▶ _Directions for this task_:
Lines from the one containing "toronto_zoo_bison.jpg" through the end of the material are to be retyped exactly; do not copy pictures.

▶ _Information shown_:

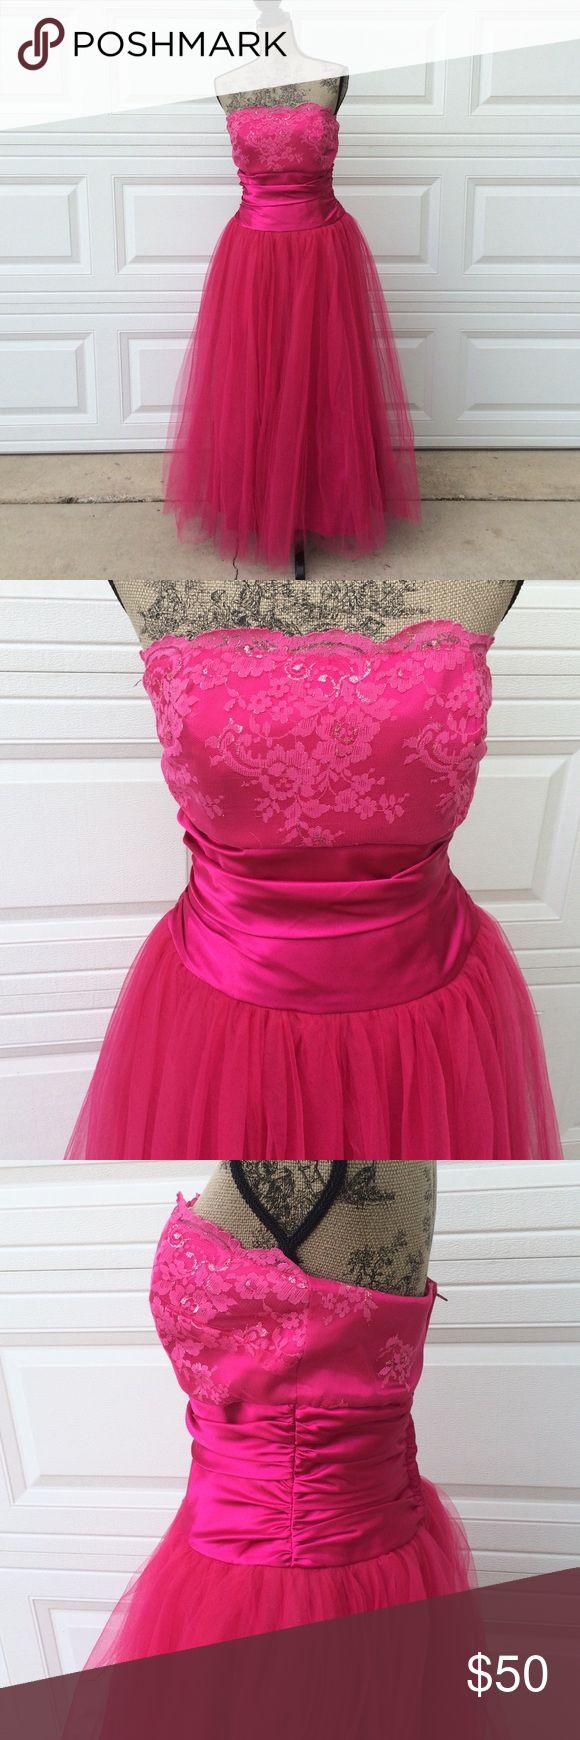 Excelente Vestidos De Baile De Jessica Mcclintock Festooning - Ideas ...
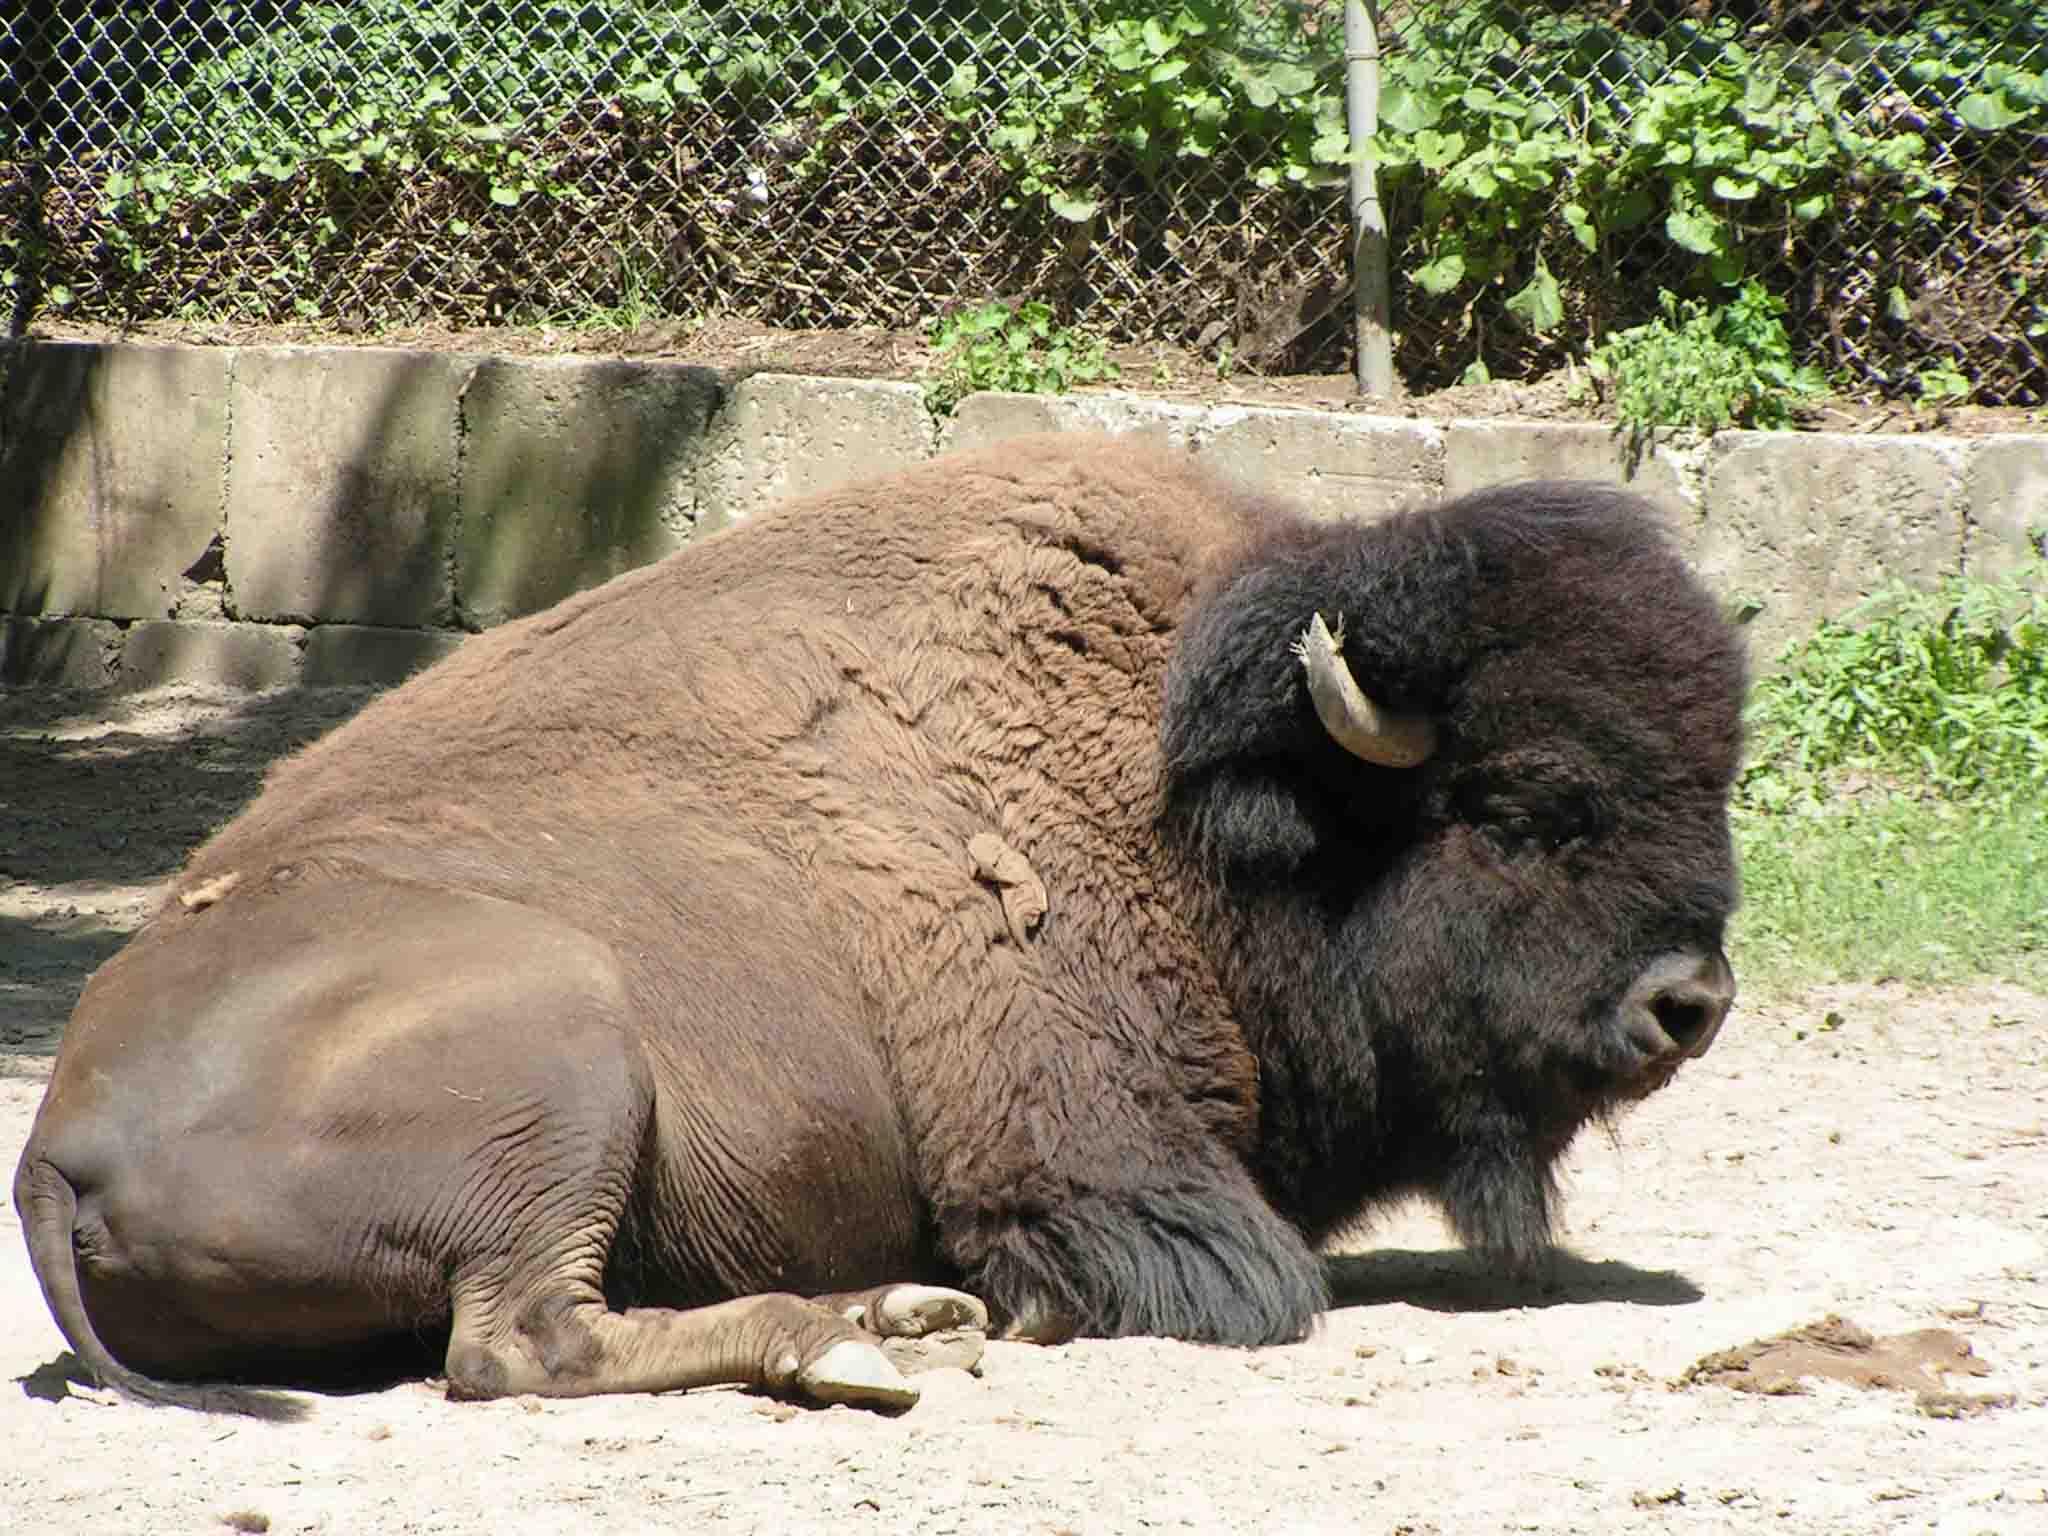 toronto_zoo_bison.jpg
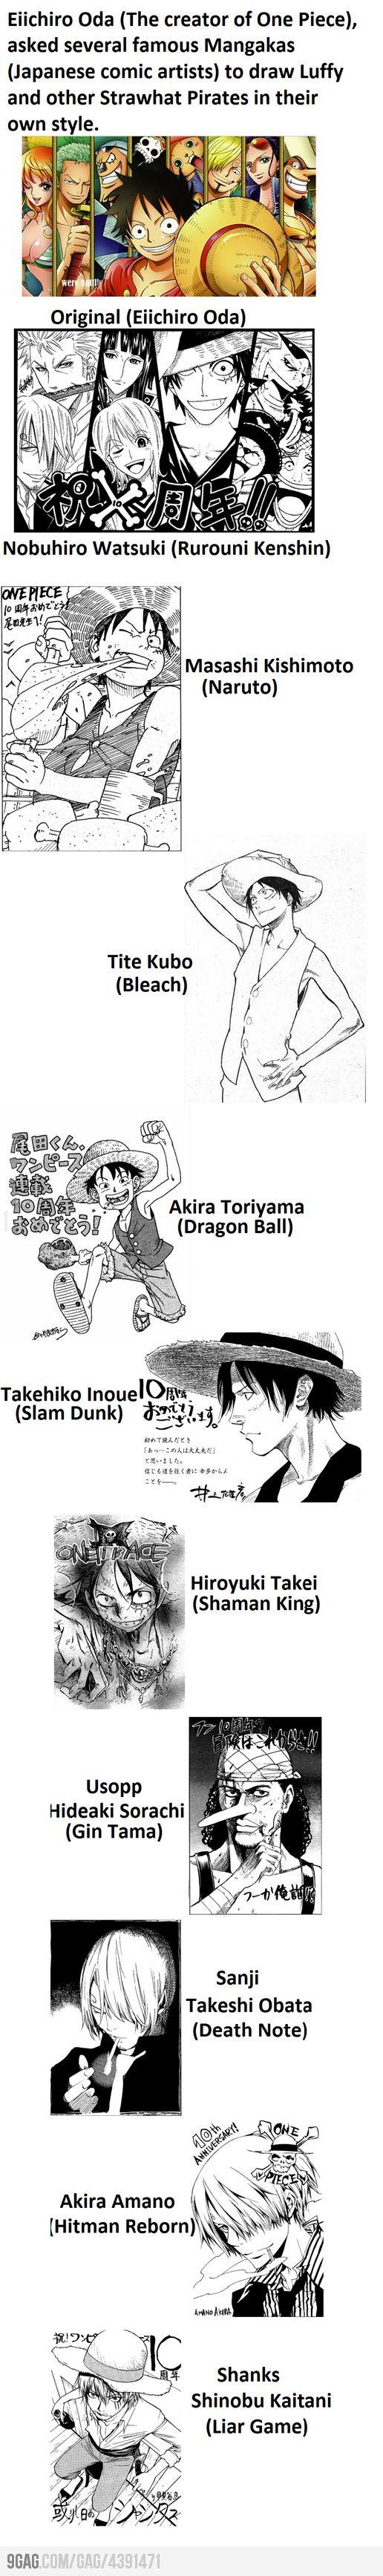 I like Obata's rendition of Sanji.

▶ _Your solution_:
 toronto_zoo_bison.jpg
 I like Obata's rendition of Sanji.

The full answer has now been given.